The Phase Ib/II study will be initiated in Korea with plans to enroll up to 46 patients. Under the terms of the agreement Genexine will undertake and fund the study and Merck & Co., Inc., Kenilworth, NJ, USA will provide KEYTRUDA. The agreement includes the potential for further expansion to a Phase III study.

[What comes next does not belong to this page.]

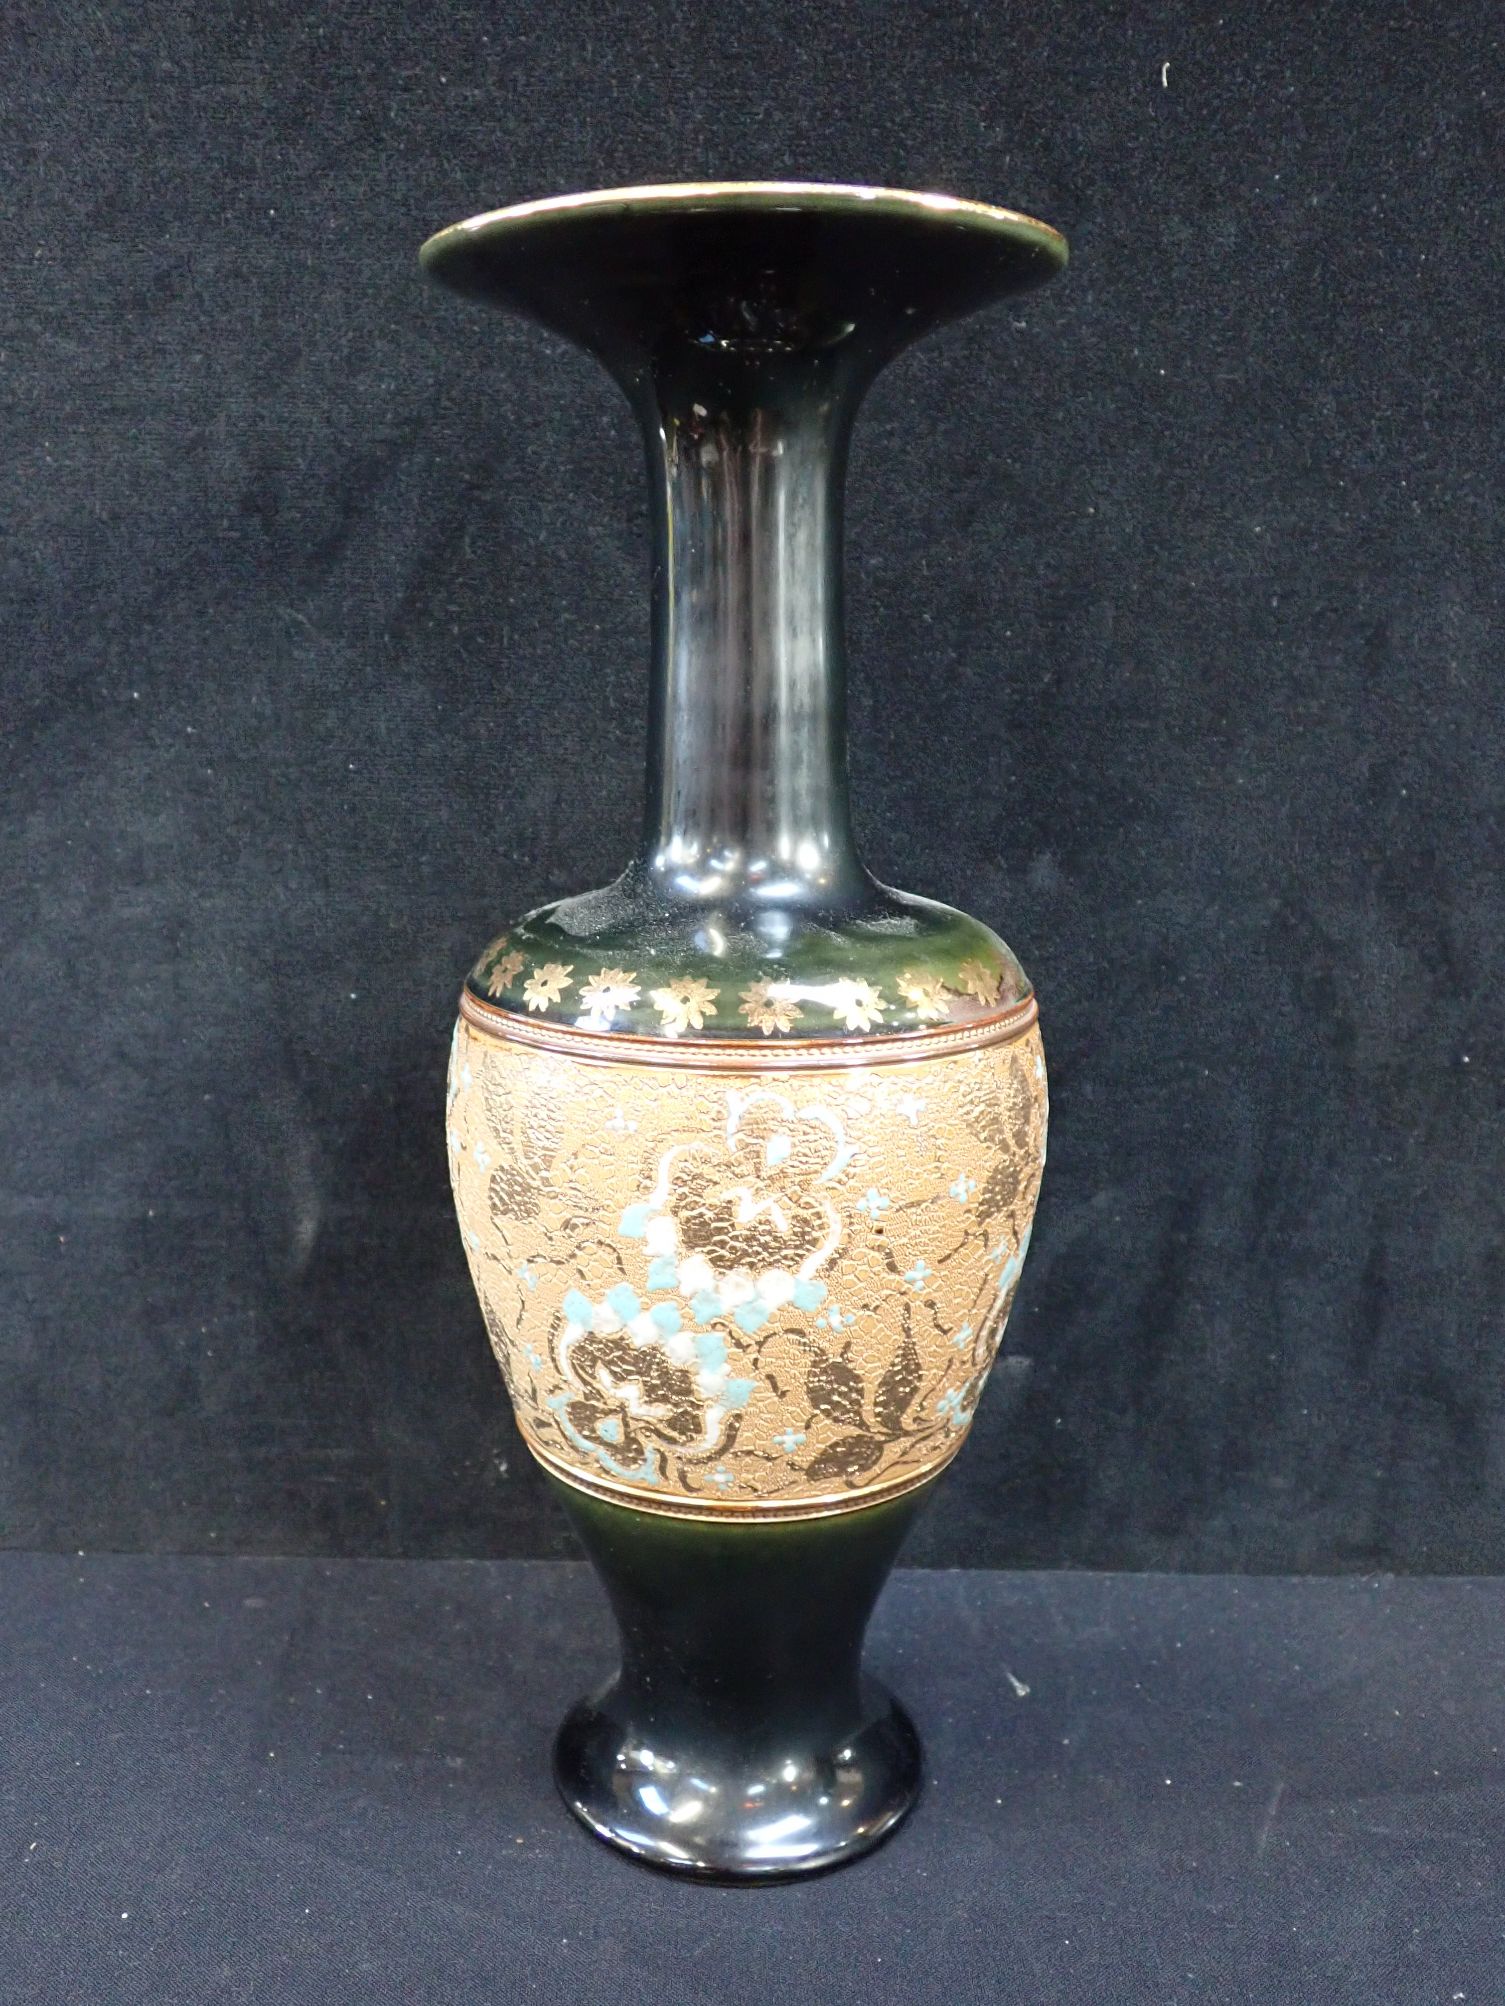 A PAIR OF ROYAL DOULTON SLATER'S PATENT VASES - Image 2 of 5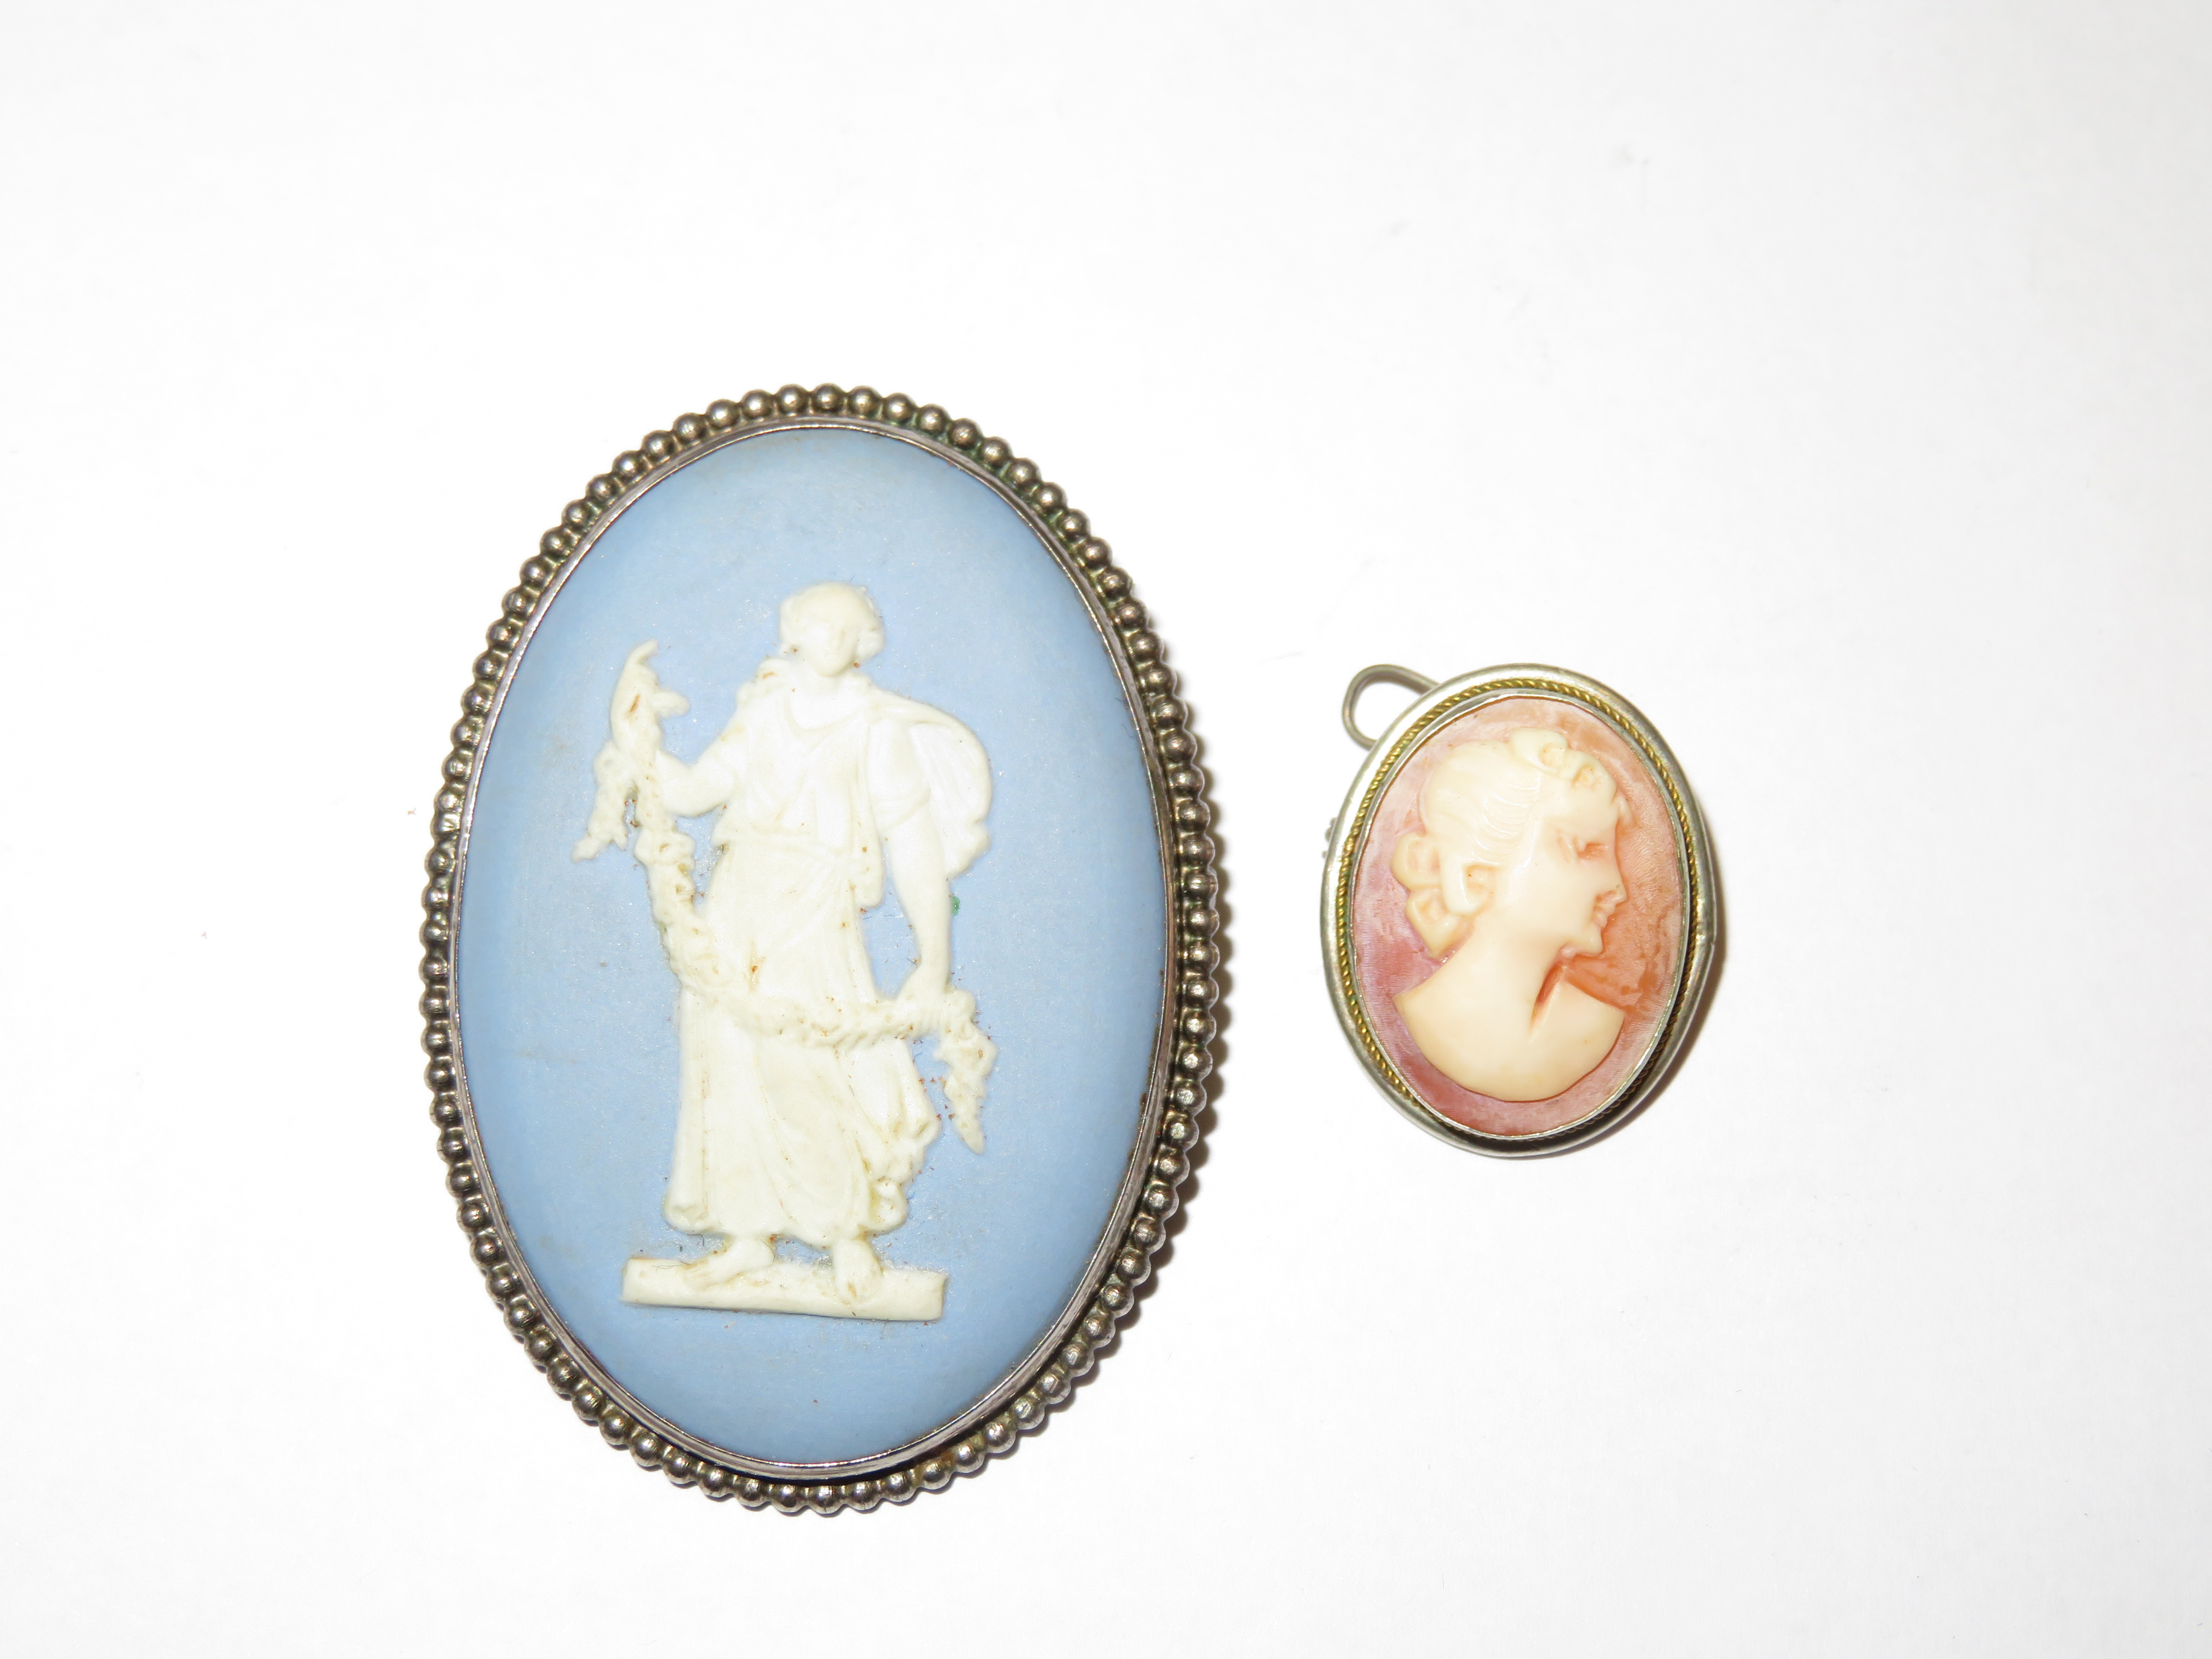 Wedgwood jasper ware pin brooch together with a ca

KEYTRUDA is a registered trademark of Merck Sharp & Dohme Corp., a subsidiary of Merck & Co., Inc., Kenilworth, NJ, USA.


▶ About GX-188E:

GX-188E, currently being developed in Phase 2 clinical trials, is an HPV therapeutic DNA vaccine for cervical intraepithelial neoplasia (CIN) and HPV-induced cancers caused by persistent infection by high-risk HPV types, 16/18. A Phase I study demonstrated that GX-188E, a rationally designed HPV DNA vaccine to target HPV antigens preferentially on dendritic cells, elicited significant E6/E7 specific IFN-γ-producing T-cell responses in all CIN3 patients when administered intramuscularly by electroporation. Seven out of nine patients had complete regression of their CIN3 lesions, viral clearance, and exhibited enhanced antigen-specific polyfunctional CD8 T-cell responses within 36 weeks of follow-up. These results were published in October 2014 in Nature Communications.